Итак, я показал тебе, читатель, лишь малую часть моих восточных грез; они всегда изумляли меня чудовищностью своей, такою, что ужас, казалось, отступал пред простым любопытством. Однако со временем удивление схлынуло, оставив меня не столько с ощущением ужаса, сколько с чувством ненависти и омерзения. Над всем этим порядком, составленным из угроз, наказаний и тайных узилищ, царили беспредельность и вечность, доводившие меня едва не до сумасшествия. Прежде то были лишь нравственные да душевные муки, отныне же боль причинялась и телу моему: уродливые птицы, змеи, крокодилы терзали его, причем от последних претерпевал я особые пытки. Проклятый крокодил вдохновлял мой страх более остальных. Я обречен был жить с ним (как уж установилось в виденьях моих) века. Порою мне удавалось ускользнуть, и тогда я обнаруживал себя в китайских домах, обставленных камышовой мебелью. Но вскоре ножки столов, диванов ею, начинали оживать, - и вот уже отвратительные головы крокодилов, злобно сверкая глазами, тянулись ко мне и множились тысячью повторений - я же стоял зачарован и гневен. Страшная рептилия так часто посещала мои сны, что много раз то же видение прерывалось однообразно: я слышал нежные голоса, зовущие меня (ибо я слышу все, когда сплю), и тотчас просыпался - полдень был уж в силе, и дети мои стояли, взявшись за руки, подле постели; они приходили, дабы показать мне обновки: красочные башмачки да платья, или же испросить одобрения касательно своих выходных нарядов. О, как же пугающа была сия перемена, когда вместо крокодилов, чудищ и Уродов я начинал различать близость невинных существ,- и, повинуясь неожиданной вспышке чувства, рыдая, бросался целовать детей моих.
Июнь, 1819
Не раз в своей жизни имел я возможность заметить, что смерть тех, кого любим мы, равно как и приближение смерти вообще, боле всего угнетает нас (caeteris paribus[*при прочих равных (лат.)]) летнею порой. Я вижу три к тому причины. Во-первых, постигаемые глазом небеса простираются летом выше обычного, они зрятся куда отдаленней и, да простится мне сей солецизм, куда бесконечней; облака, коими меряем мы расстояние до голубого свода, раскинувшегося над нашими головами, летом становятся объемней и крупнее и, сбиваясь, громоздятся могучими горами. Во-вторых, свет летнего солнца, восход и закат его суть символы и знаки Бесконечности. И, наконец, третья причина, пожалуй, самая важная, заключается в том, что разгульная и необузданная щедрость природы заставляет разум еще сильнее противиться ненавистным ему мыслям о смерти и о холодной пустоте могилы. Ведь знаем мы: ежели две мысли связаны законом противоречия и существуют во взаимном отталкивании, то свойственно им посещать нас одновременно.
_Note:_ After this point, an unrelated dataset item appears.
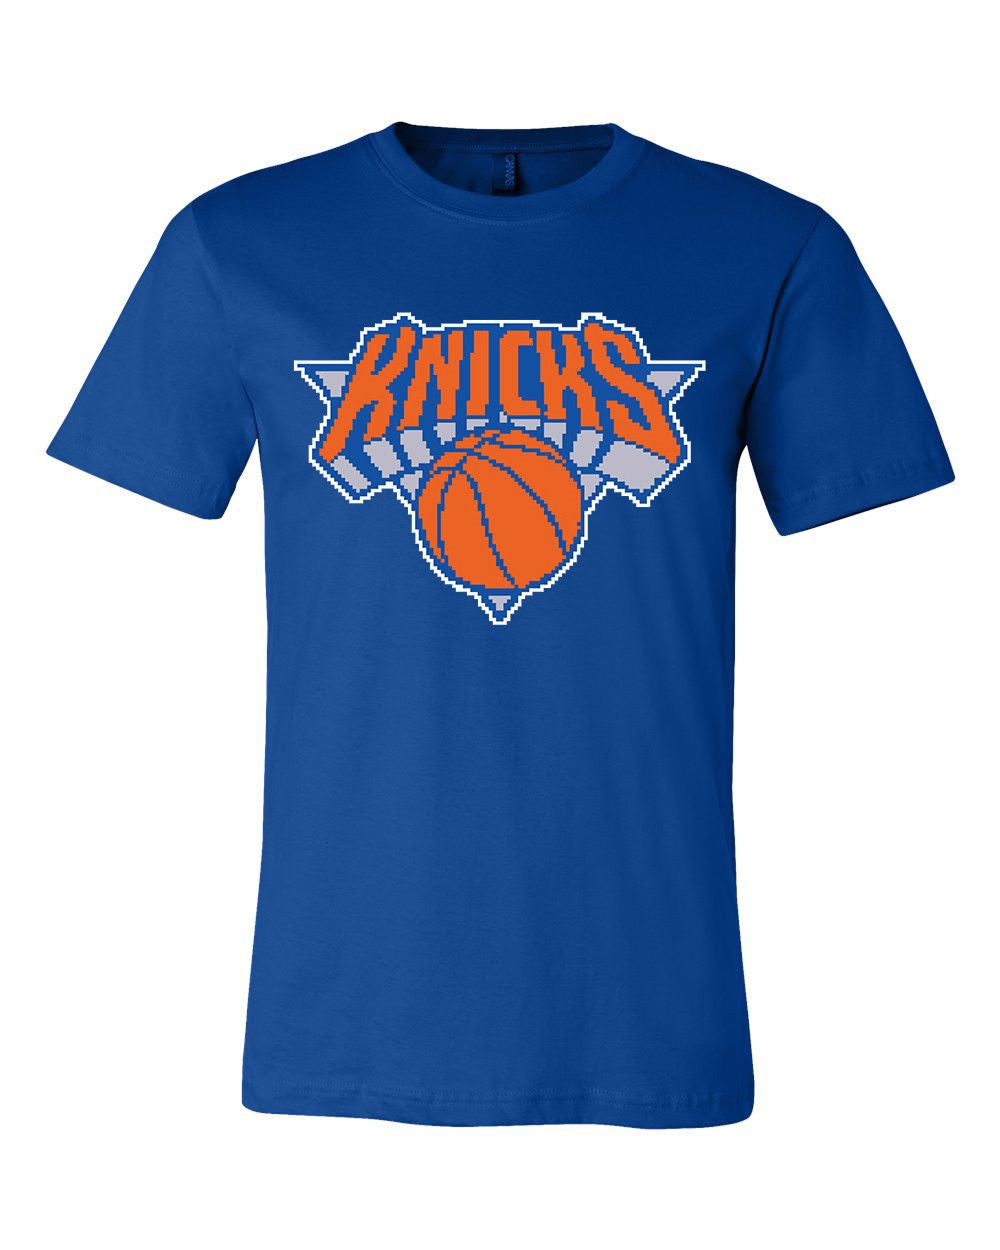 New York Knicks Retro Shorts

Потому-то я и нахожу невозможным избегать дум о смерти во время своих одиноких прогулок бесконечными летними днями, и всякая смерть, даже не слишком трогающая сердце, все ж упорно осаждает меня этой порою. Вероятно, сие условие, а также некий случай, о коем умолчу, послужили причиною нижеследующего сна; сон этот, должно быть, давно ждал повода проявиться, чтоб более не оставлять уж меня - сперва дробясь на тысячи сказочных историй, он вдруг обретал стройность, и я вновь узнавал его.
Думается, то было майское утро, раннее утро Пасхального воскресенья. Я стоял, как казалось мне, у дверей своего домика. Предо мной открывалась знакомая картина, по обыкновению возвышенная, но, благодаря силе снов, обретшая невиданную торжественность. Здесь были те же горы, та же прекрасная долина у подножья их, только горы вздымались выше альпийских вершин, а пространство меж ними расширилось, заполнясь лесными полянами и лугами; повсюду пышно цвели розовые кусты, ни одного живого существа не было вокруг - и лишь коровы мирно лежали на заросших травою могилах, особенно опекая холмик, под коим покоился ребенок, горячо любимый мною; в лето, когда тот умер, я действительно видел накануне рассвета подобную сцену. Теперь я смотрел и, кажется, говорил себе: "Тороплю я день, ведь ныне Пасха, и должно нам вкусить от первых плодов Воскресенья Христова. Стану бродить я привольно, старые горести позабыв, ибо воздух недвижный свеж, и холмы высокие тянутся к небу, и лужайки тихи, как кладбище; росою омою я воспаленный лоб - и впредь не узнаю уж горя". Я обернулся, словно бы намереваясь открыть калитку в сад, и тотчас обрел по левую руку картину совсем иную, но силою снов приведенную к общей гармонии. Открылась мне местность восточная, и было то опять раннее утро воскресенья Пасхального. Вдали презирались точками на горизонте купола великого града - зыбкий образ, извлеченный из виденных в детстве картинок Иерусалима. И ближе, чем могла бы пасть стрела, мной пущенная - на камне, под сению пальм иудейских, сидела женщина; к ней обратил свой взор - то была Анна! Она сосредоточенно смотрела на меня, и сказал я: "Ужели наконец, нашел я тебя". Я ждал, но Анна молчала. Ее лицо казалось прежним, но все же как изменилось оно! Семнадцать лет назад, когда в тусклом свете фонарей последний раз я целовал ее губы (поверь, Анна, губы эти не виделись мне оскверненными), из глаз у ней струились слезы; ныне же слезы высохли, и была она еще прекрасней, хоть и осталась во всем такою же и нимало не повзрослела. Весь облик Анны дышал умиротворенностью, но был неожиданно торжествен - я теперь глядел на нее с некоторым благоговением; но вдруг лицо ее поволоклось дымкою, и я, вновь оборотясь к горам, различил сбегавший по склонам туман, что, меж нами клубясь, обретался; внезапно все померкло, непроглядная тьма пала на землю, и в следующий миг я очутился уж далеко, гуляя с Анною под фонарями Оксфорд-стрит, подобно тому, как гуляли мы семнадцать лет назад, когда оба были еще детьми.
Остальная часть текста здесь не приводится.